[PATCH net-next 0/4] tls: rx: follow ups to rx work

[PATCH net-next 0/4] tls: rx: follow ups to rx work

[Jakub Kicinski]

A selection of unrelated changes. First some selftest polishing.
Next a change to rcvtimeo handling for locking based on an exchange
with Eric. Follow up to Paolo's comments from yesterday.

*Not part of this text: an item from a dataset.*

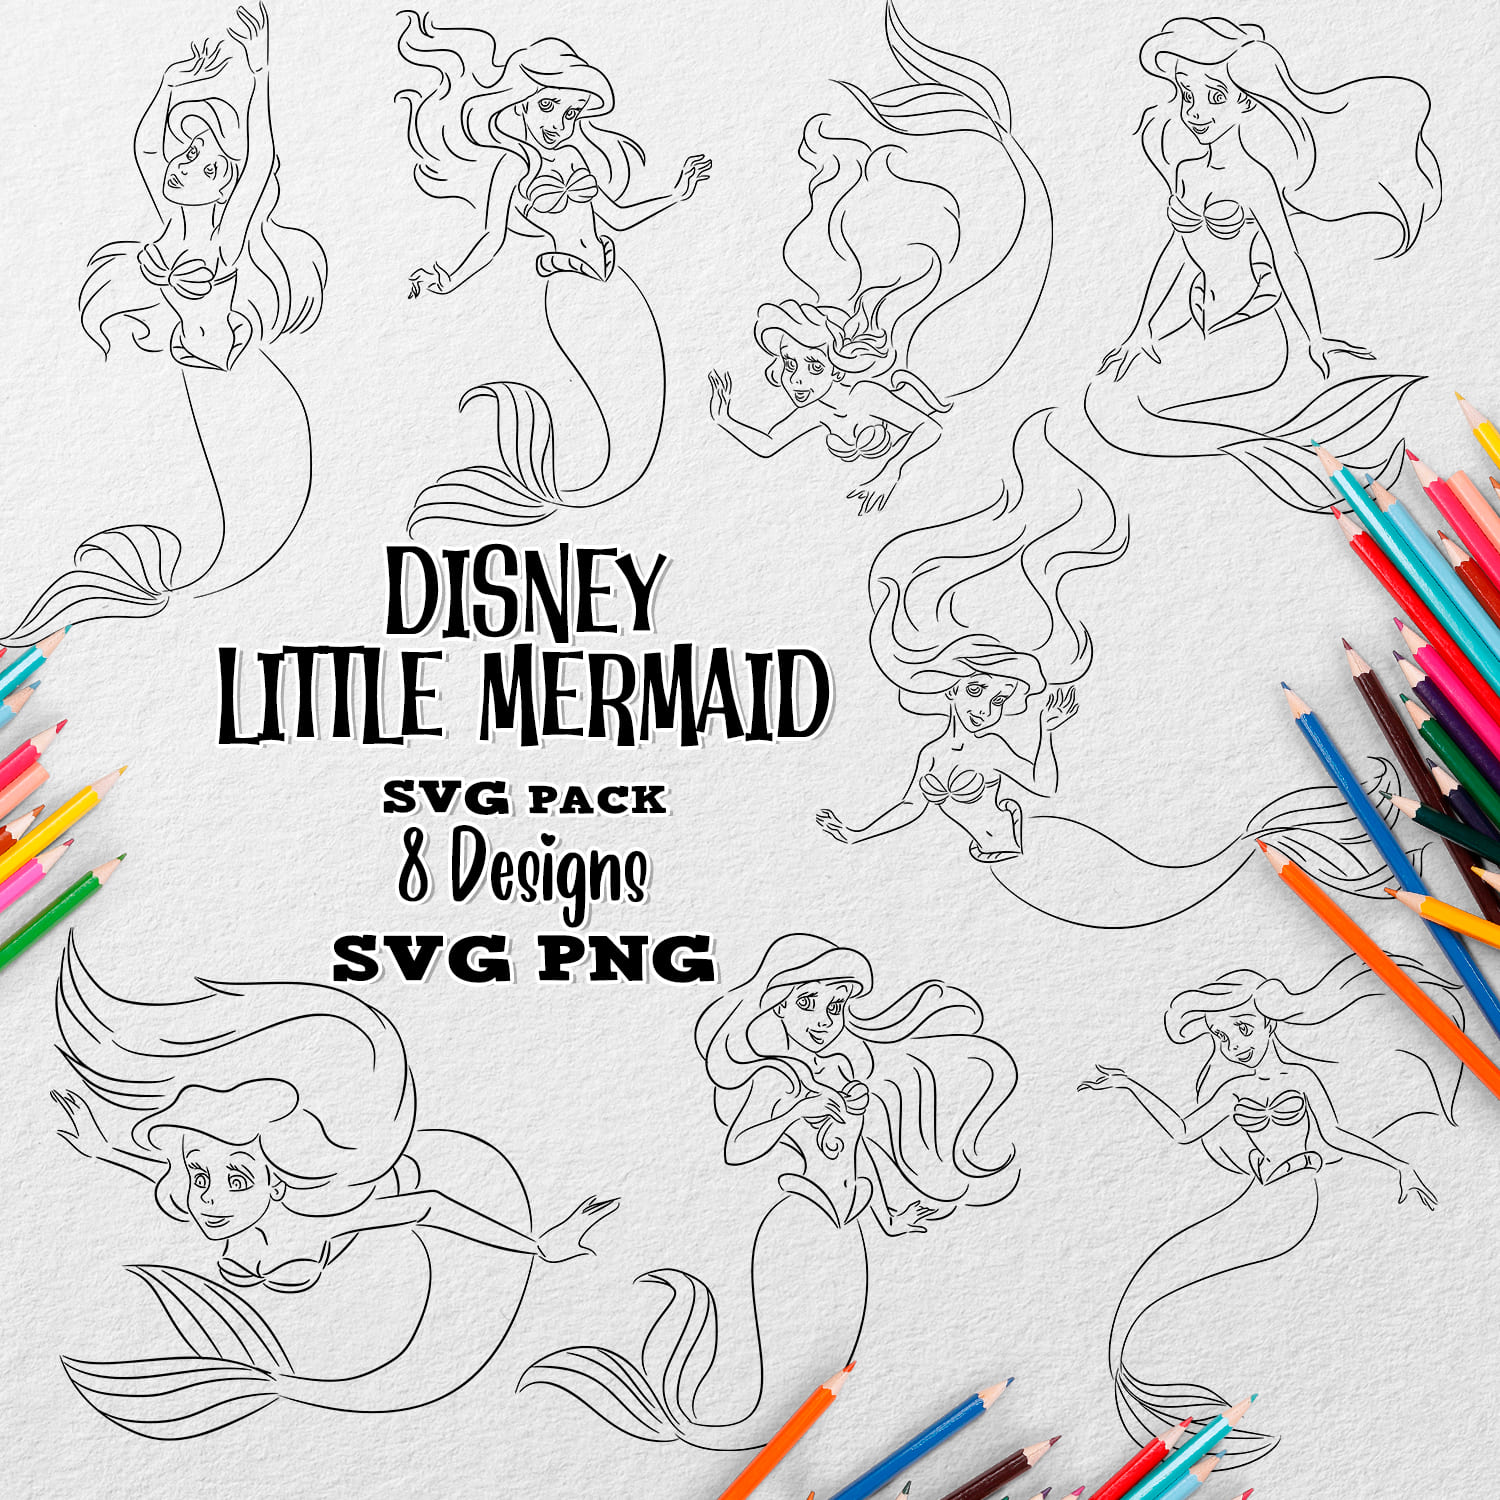 Disney Little Mermaid Svg.

Last but
not least a fix to a false positive warning, turns out I've been
testing with DEBUG_NET=n this whole time.

Jakub Kicinski (4):
  selftests: tls: handful of memrnd() and length checks
  tls: rx: don't consider sock_rcvtimeo() cumulative
  tls: strp: rename and multithread the workqueue
  tls: rx: fix the false positive warning

 net/tls/tls_strp.c                |  2 +-
 net/tls/tls_sw.c                  | 39 ++++++++++++++++---------------
 tools/testing/selftests/net/tls.c | 26 ++++++++++++++-------
 3 files changed, 38 insertions(+), 29 deletions(-)

-- 
2.37.1

[PATCH net-next 1/4] selftests: tls: handful of memrnd() and length checks

[Jakub Kicinski]

Add a handful of memory randomizations and precise length checks.
Nothing is really broken here, I did this to increase confidence
when debugging. It does fix a GCC warning, tho. Apparently GCC
recognizes that memory needs to be initialized for send() but
does not recognize that for write().

Signed-off-by: Jakub Kicinski <kuba@kernel.org>
---
CC: shuah@kernel.org
CC: linux-kselftest@vger.kernel.org
---
 tools/testing/selftests/net/tls.c | 26 +++++++++++++++++---------
 1 file changed, 17 insertions(+), 9 deletions(-)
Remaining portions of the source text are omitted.